# Smart Home Tech



## nobodythank you (Jul 26, 2019)

I haven't seen a topic on this and I know some of you out there have to have tried it out. Was curious who here also has jumped onboard the smart home tech train. I started off last fall with the Ring video doorbell and was hooked. I then got a few Ring cameras and the alarm system (cellular backup and battery). What was even better is that I got alarm monitoring for $100 a year (which includes unlimited storage for the videos generated from the several cameras). The alarm companies talk trash about the DIY systems, but they have to because they are losing to them so badly. The DIY systems really cut costs and are every bit as good as the ones sold way over cost.

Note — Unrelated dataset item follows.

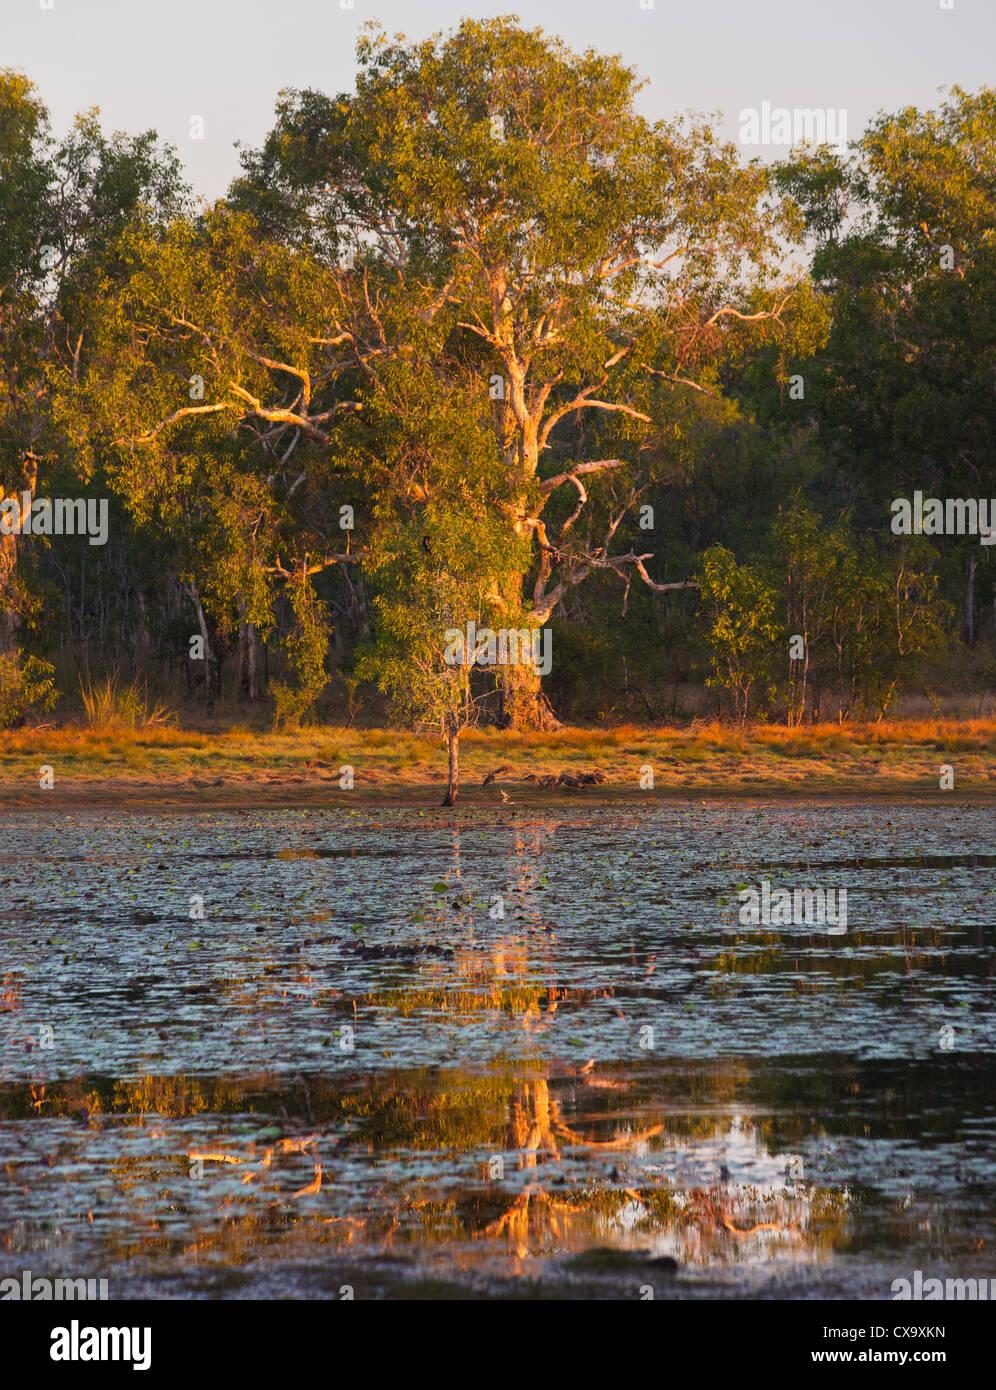 Anbangbang Billabong, Kakadu National Park, Northern Territory - Stock Image

I also got a few smart plugs, a Nest learning thermostat, and smoke & carbon monoxide detector that talks to the thermostat and shuts off the fans if an alarm is detected. The smoke alarm also doubles as a hallway night-light. The thermostat can be voice controlled and learns your usage. Also got some smart locks and smart garage door opener (so freaking nice to not have to carry keys anymore). Everything is logged and notifications are sent every time a door/lock is opened or closed so I have a full record of everything that goes on. I plan on getting a device that plugs into the breaker box that keeps track of power usage at every outlet and device. Allowing me to see if a device is using more power than it should (and going bad), or if something is causing an unusually high bill. With the price of energy going up, I figure its smart to make better use of it and not waste it.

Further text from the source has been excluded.